Они некоторое время молчали, а потом снова разговорились. Лешка рассказал, что был на выставке картин Давида Какабадзе, который в юные годы нашел погибающего от нищеты и одиночества Пиросмани, предложил ему деньги, а тот их не взял, сказав, что художник не может брать деньги от художника, что потом самого Какабадзе долго не признавали, до самого конца жизни, он очень страдал от этого. И очень интересно знать — искал ли кто-нибудь Какабадзе и хотел ему помочь в тяжелые для него годы.
— Вас это волнует? — опустила голову Вика.
— Очень! — воскликнул Лешка. — Как это может не волновать! Если человеку трудно, всегда переживаешь!
— Но когда это было с Пиросмани, с Какабадзе?
— Сравнительно давно. Но при чем здесь время? Боль — она и через века остается болью. Разве вы не чувствуете страданий Сократа, муки Коперника?
— Я меньше читаю, чем вы, меньше знаю, — сказала Вика, — я не думала, что вы такой тонкий, чувствительный.
— Я?! — удивился Лешка. — А читаю я действительно немало. Приучила бабушка.
— Опять бабушка! Вы просто чудо! — улыбнулась Вика. — Вам пора, и я устала. Вы меня проводите?
— Конечно! — быстро встал Лешка.
— Вы знаете, в общем-то я вас себе таким и представляла! — сказала Вика, когда они вышли на улицу.
— Вы? Меня?
— Да. Вы смелый и умный мужчина!
— Вы шутите, не надо, — смутился Лешка.
— Нет, я говорю серьезно, — взяла его под руку Вика. — Вы надежный человек. Я это сразу почувствовала! Вы завтра очень заняты?
— Нет, только с утра…
— Не рассказывайте, это мне знать не обязательно, — улыбнулась Вика. — Потом сами расскажете, разумеется, то, что можно. А сейчас ничего не говорите. Вы — чудо!
— Это вы! — откровенно признался ей Лешка и хотел рассказать о том, что она многие годы была его сказочной мечтой, там, на далекой буровой, когда долгими ночами начинает казаться, что ты попал на край света, и если у тебя нет преданной любимой, то должна быть хотя бы мечта, без которой просто трудно выжить.
И еще о многом хотел рассказать ей Лешка, намного больше, чем говорил Зинке, потому что Вика совсем не такая, по-другому к нему относится и поймет его во всем, хотел, но ничего не сказал, поскольку она просила его ничего не говорить и думая, что он все это успеет рассказать ей потом — и даже не раз.

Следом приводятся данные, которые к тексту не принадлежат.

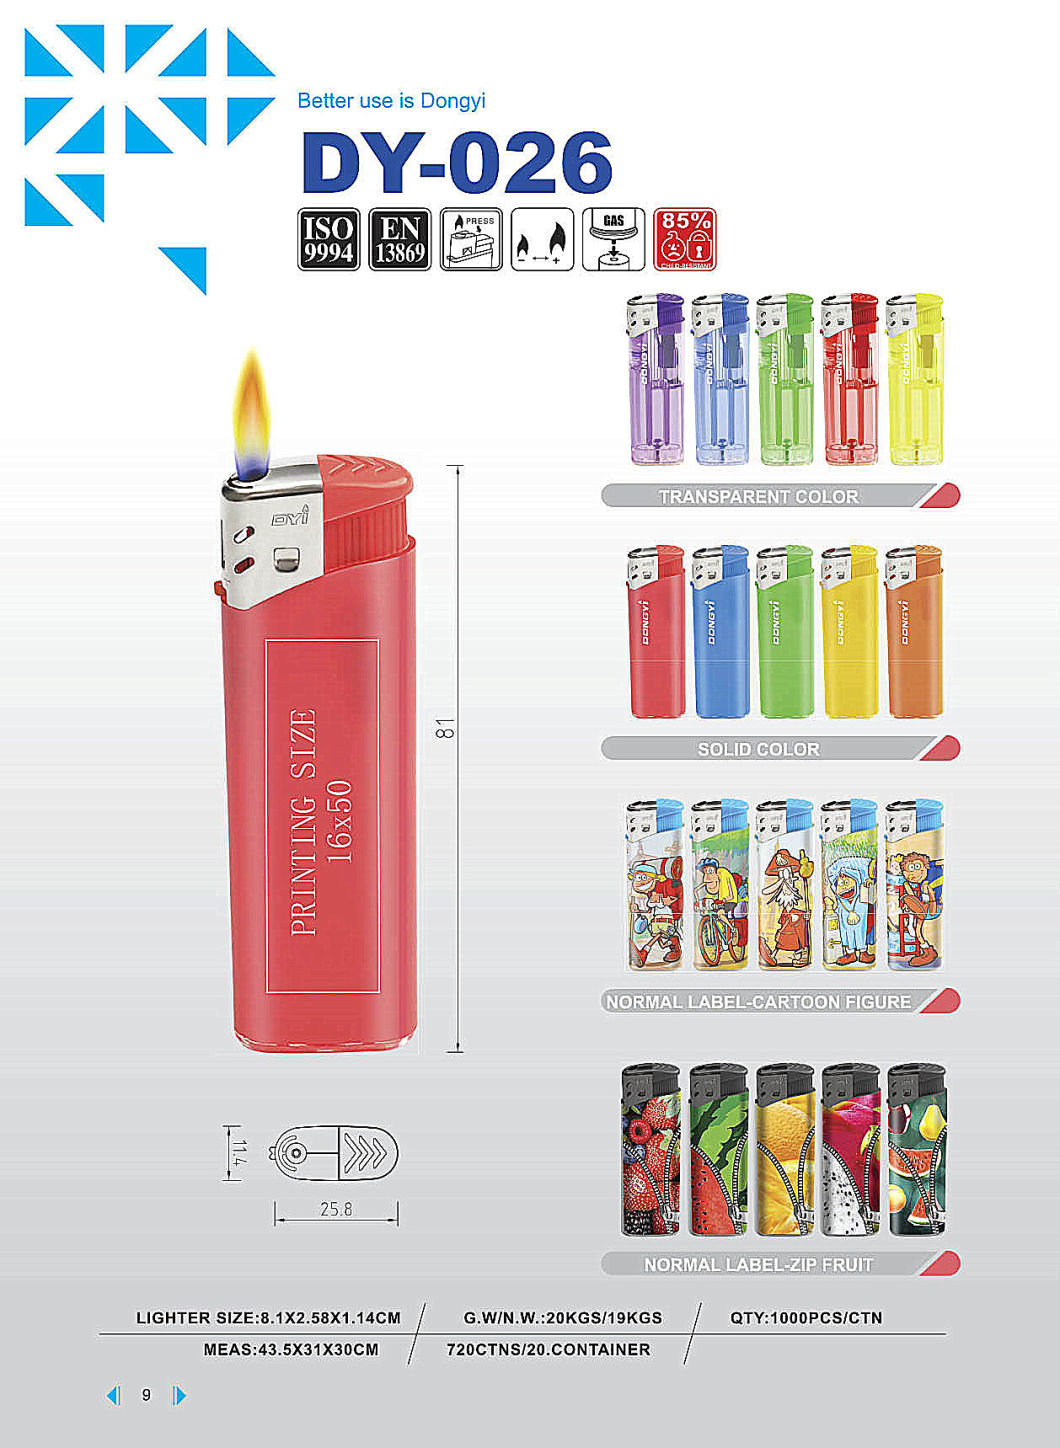 EUR Standard High Quality Hot Sale Classic Fashion Electric Gas Lighter Dy-026

Лешке казалось, что сказочный фильм не кончается, стремительно развивается его сюжет, двигаясь к счастливому концу, и Лешка подумал, что он участвует в самой лучшей кинокартине века, достойной самых высоких призов и премий, а может, это не фильм, а сладостный сон, но рука Вики лежит на его руке, он ощущает ее дыхание, значит, это все наяву, значит, и в жизни могут сбываться самые несбыточные мечты.
— Здравствуй, Лешечка! Не узнаешь? Неужели я так изменилась?
— Галчонок? Какая ты стала!
— Не та уже?
— Что ты, Галчонок! Ты по-прежнему очень красивая. Звезда восьмого «Б»!
— Когда это было, Лешечка? Почти десять лет назад.
— Ты не изменилась. Только посолиднела. Мы тогда считали, что ты непременно станешь киноартисткой. И мы потом будем хвастаться, что учились в одном классе с Галей Александровой!
— Я уже не Александрова.
— Замуж вышла?
— Третий год, Лешечка! Замужем! Но признаться, за все эти три года я была счастлива считанные дни… Мало кому об этом рассказываю. Поверь.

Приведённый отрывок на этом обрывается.